When You Need to do More than Just Tag: Controlled Vocabulary and Metadata 3

As I’m approaching finishing building my form for my Clio3 project, I’m starting to think ahead to what I need to do when I actually begin using my form to input my meta data.

I have four “categories” of meta information beyond the basic cartoon date, caption and artist information. These categories are: character, events, keywords and themes. The first two are relatively easy and straight-forward. Was Uncle Sam depicted in a particular cartoon or not? Was this cartoon referencing the 1960 Election, the Korean War, the Kennedy Assassination, or not? It’s the last two that are giving me anxiety-filled dreams and theoretical nightmares. This is because the issue of controlled vocabulary and information architecture have sprung up remarkably quickly. Even with the first 6 cartoons I’ve been using as testers, I’ve started to have terminological panic-attacks.

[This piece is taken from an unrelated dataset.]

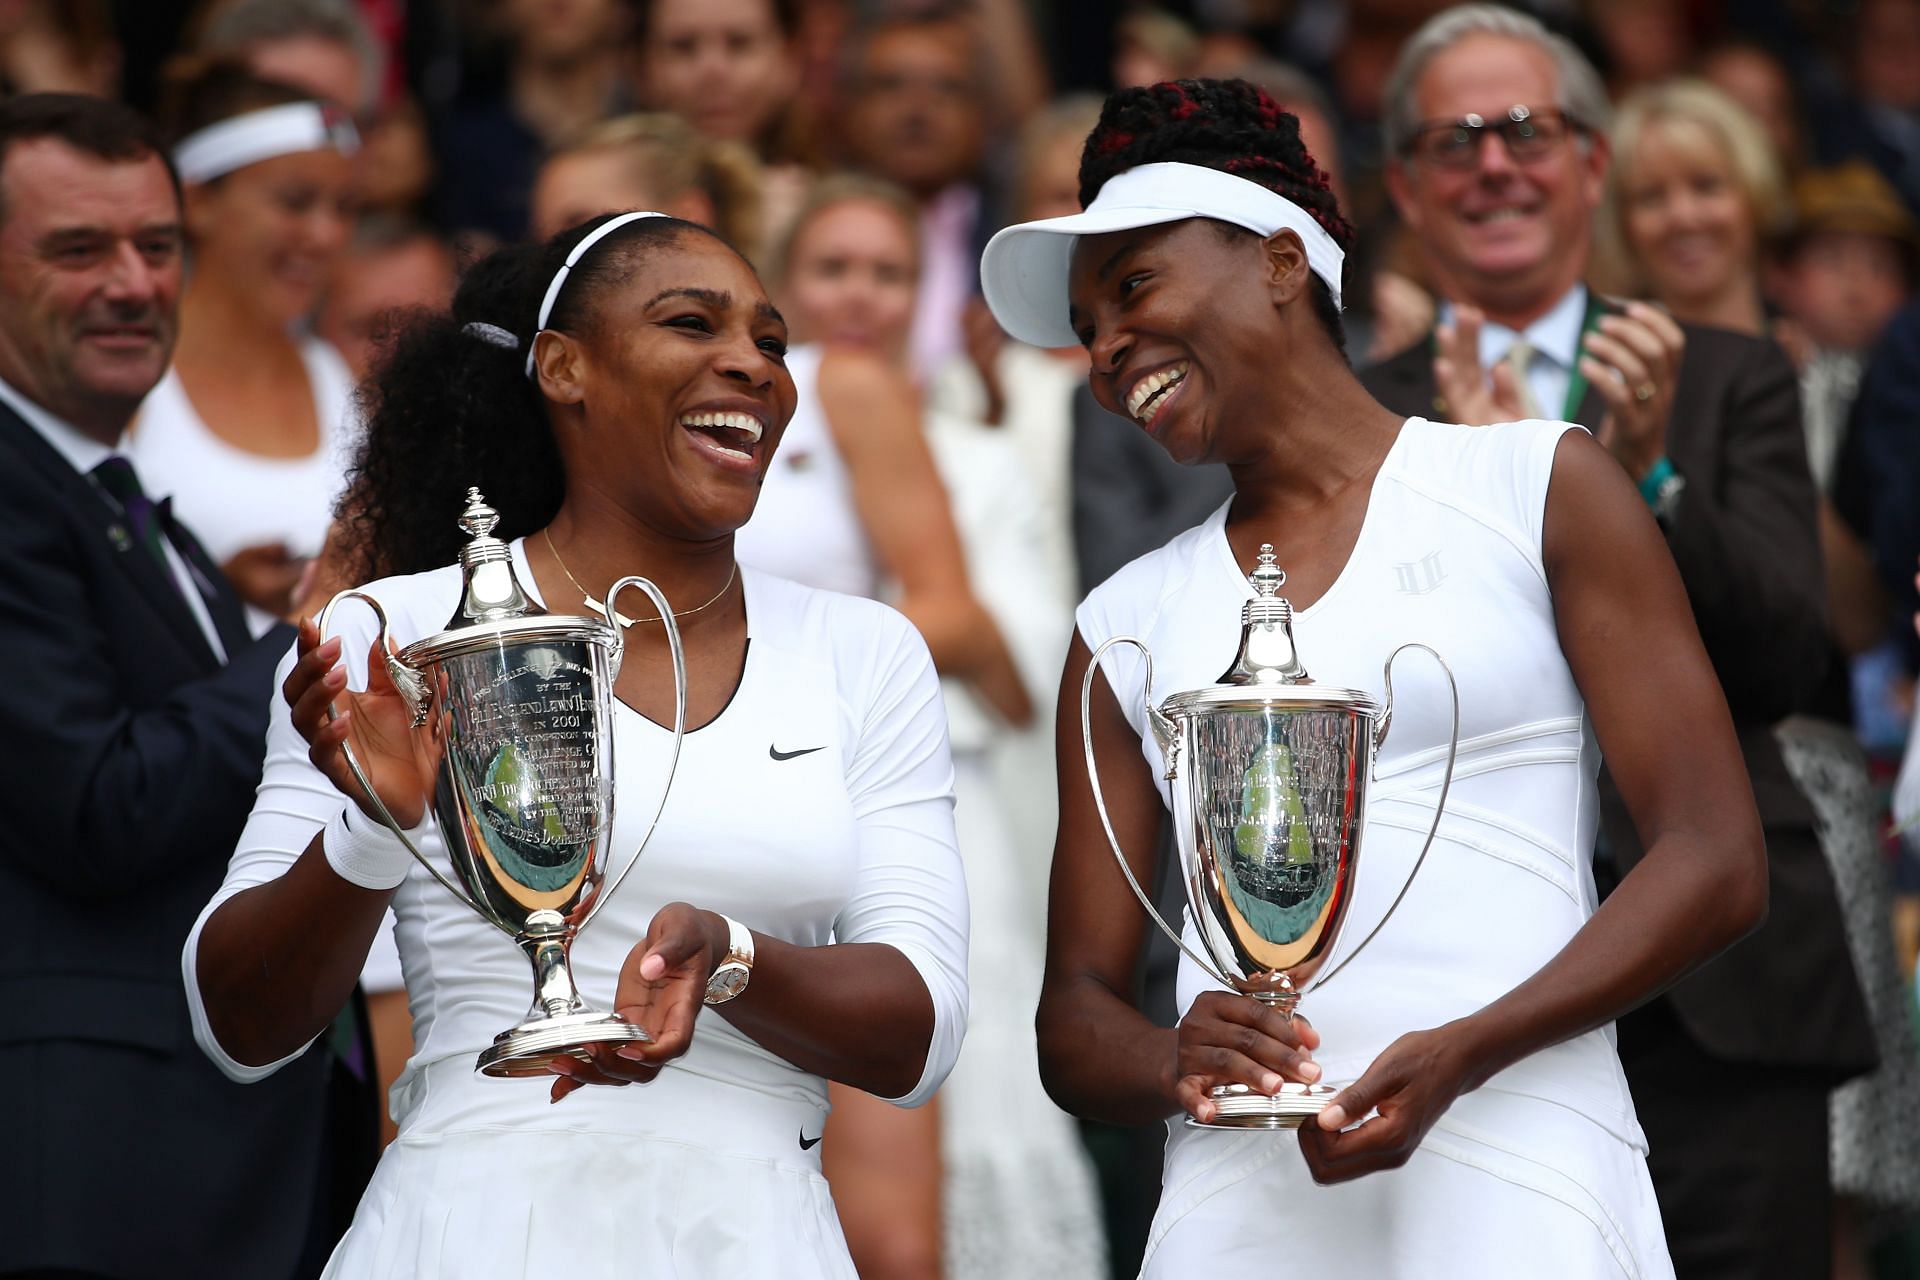 The Williams Sisters at the 2016 Wimbledon Championships

Take these two cartoons for instance.

Herblock cartoon, January 8, 1960 Washington Post

Herblock cartoon, January 10, 1960 Washington Post

My characters for the first cartoon are obviously: Administration and John Q. Public (Herblock’s “everyman” stock character). For the second cartoon my characters are: (again) Administration and Child. As for events, there is not a specific historical “event” as I am defining it so that field would be empty.

But what about the keywords and themes? My first problem/dilemma is whether I want to only have one theme per cartoon or multiple themes. If I went with only one, my thought is that the first cartoon’s theme would be “government spending.” The second cartoon’s theme would be “Education.” If I had multiple themes, the first cartoon could be: government spending, housing, and defense budget. For the second: education and budget. This seems like a fairly straightforward “pick one and go with it” kind of decision until I factor in my other subjective category: keywords. If I have multiple themes, do I repeat the “budget” theme as a keyword also for the second cartoon as it is a label used in the cartoon. If I go by that logic though, do I also include “school” as a keyword for the second cartoon? If I am limiting my keywords to only words printed on the cartoon, what do I do for the first cartoon where my “labels” are full sentences?

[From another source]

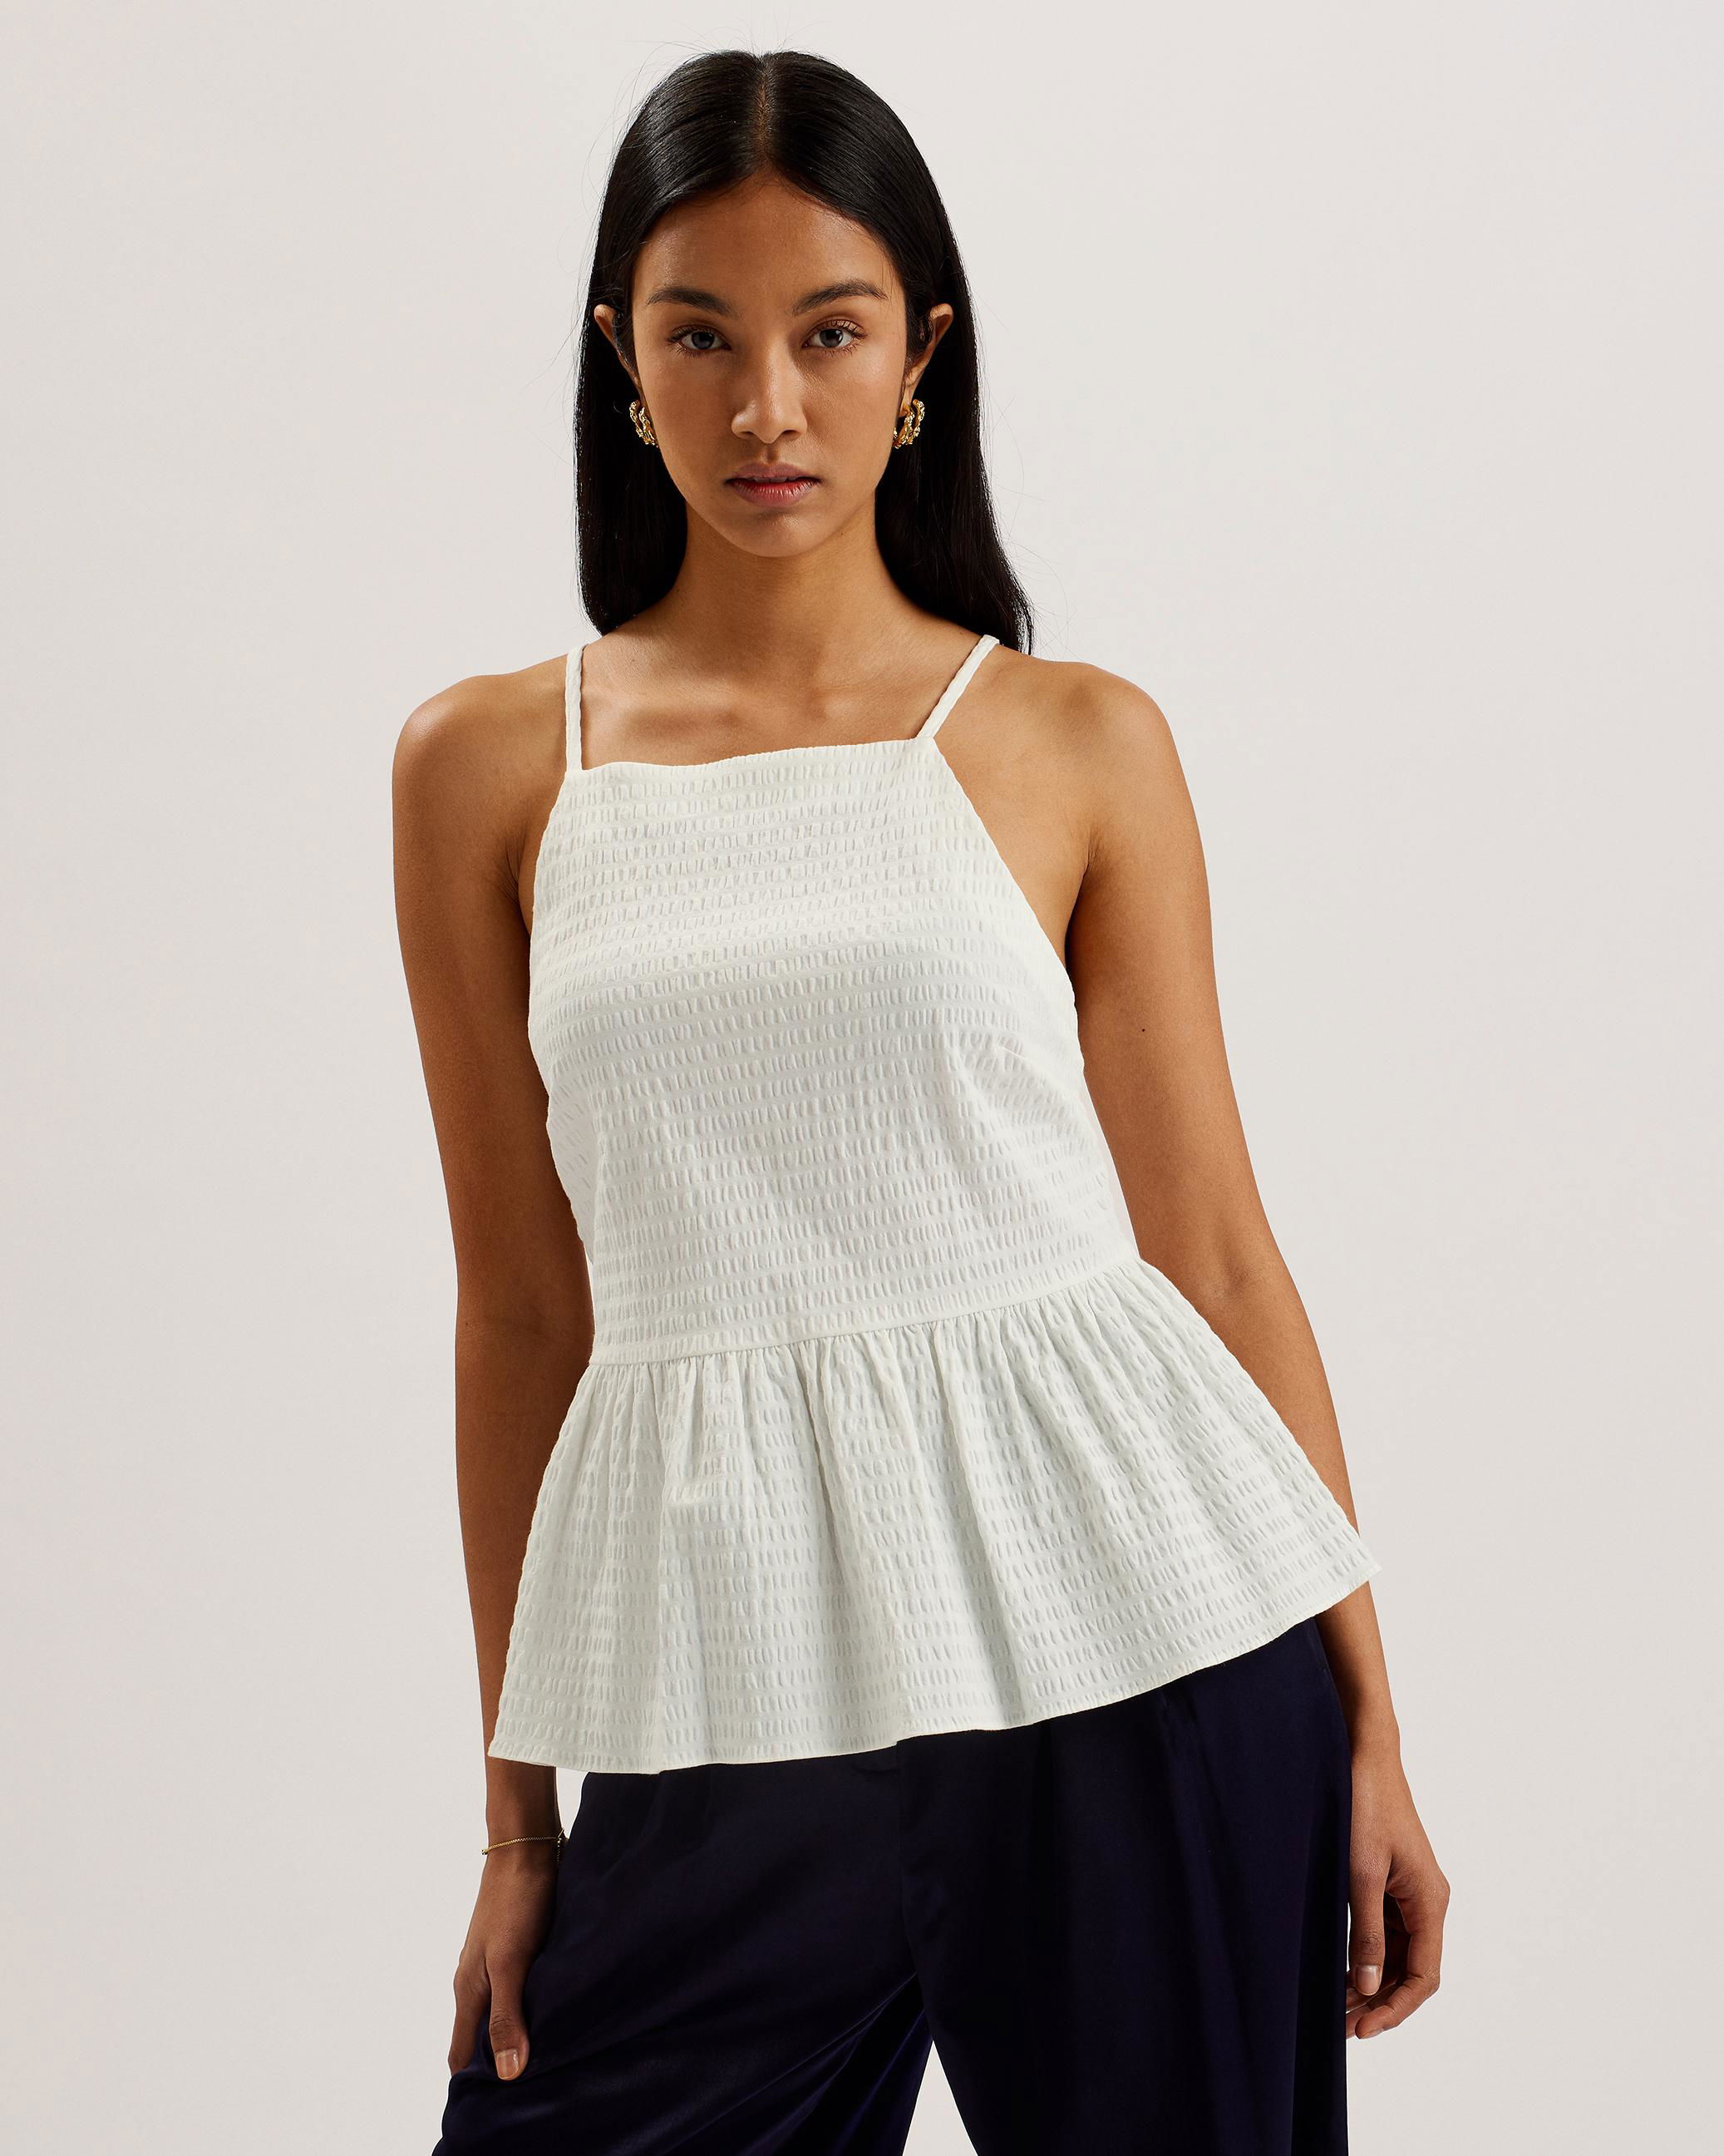 Seersucker Peplum Strappy Cami Top - INEIA - White by TED BAKER

My impulse is to stick with one theme per cartoon and determine that based on my interpretation of what the “point” of the cartoon is. What is the artist really commenting on in this image? Which is why my theme for the second would be “education” rather than “budget.” But Herblock’s mention of the budget is important and relevant so it would obviously be a keyword. If I am limiting myself to only using keywords that are printed on the cartoon then I would also include “school.” But if I am not limiting myself should I also include it since it would be slightly redundant to the theme of “education?”

The first cartoon is a little trickier, and is the kind of situation that induces controlled vocabulary panic. I interpret this cartoon as being about government spending. This is related, but different, to the government’s budget. Because Herblock is not actually referencing the budget, I am hesitant to include that term as either a theme or a keyword. But “housing” could easily be either a theme or a keyword. Similarly, should another keyword be “missiles” or “defense spending” or “defense budget”?

And this is just with two cartoons. This will get infinately more complex and convoluted once I get knee-deep in the almost 3,000 cartoons I have for just this one artist. (I eventually will be adding two other cartoonists to this database.)

I have never dealt with such a large body of images before. I have worked with cartoons and wrote my Master’s Thesis on Herblock’s portrayal of the Korean War. I used a very limited controlled vocabulary for that project and had a small set of main keywords and a few sub-keywords for each. That was probably not the best way to handle my primary sources but it worked at the time and taught me that if I would ever enlarge my cartoon set I would need to vastly rethink my process and choices (I had also tracked all those cartoons on a cartoon spreadsheet which was painful, tedious and stretched the limits of what I could actually “do” with my cartoons – hence the database this time round). Tackling this large a corpus is daunting to say the least. The fact that is the foundational research for my dissertation, makes it even more so.

I don’t have the answers yet to these questions. I think it might be as my colleague Sharon Leon suggested. That’s it is just going to be a process that I will have to figure out as I go along…and to make sure I write a very robust “Edit” option for my database.


Abby Schreiber says:

I can really relate to your volume problem – I’m dealing with a huge collection of manuscript sources that I will have to process manually. I keep asking myself if I can ever hope to get through it all and still finish my degree in a reasonable time. I’m considering a selective process, where (for now at least) I only transcribe into my database entries from even years or every third year. Have you considered making a selection of your cartoons? If so, how would you go about doing that?

Sasha Hoffman says:

I have considered sampling but ultimately decided against it. I’m only examining three cartoonists total so they are themselves a sample of all political cartoonists during the time period I’m examining. In addition since I’m trying to really dig in and trace the occurrence of discussions around nuclear fear and anxiety I may miss a blip for absence of a conversation if I’m only looking at say, 2 cartoons a month.

John says:

You might want to re-think the relationship between controlled vocabulary and keywords, with an emphasis on some kind of structure that is related to your thesis. The controlled vocabulary might be best seen as the code for your research project as a whole (e.g., Nuclear and Non-Nuclear) and then the keywords are as you suggest: ways to tag imagery in the cartoon. Though you might want to think about what kinds of imagery you want to tag in advance. For instance, your (semi-controlled) keywords might be: Budget (covers general govt spending), Defense Spending, Education, etc, but you specifically decide to omit anything outside of that imagery (buildings, clothing, gender). This way, you can set up a code book that makes it clear how you were interpreting the images (because the database is a kind of argument already, so you want to make transparent what kinds of structures are contained within).

(BTW, came to your blog via American History Now)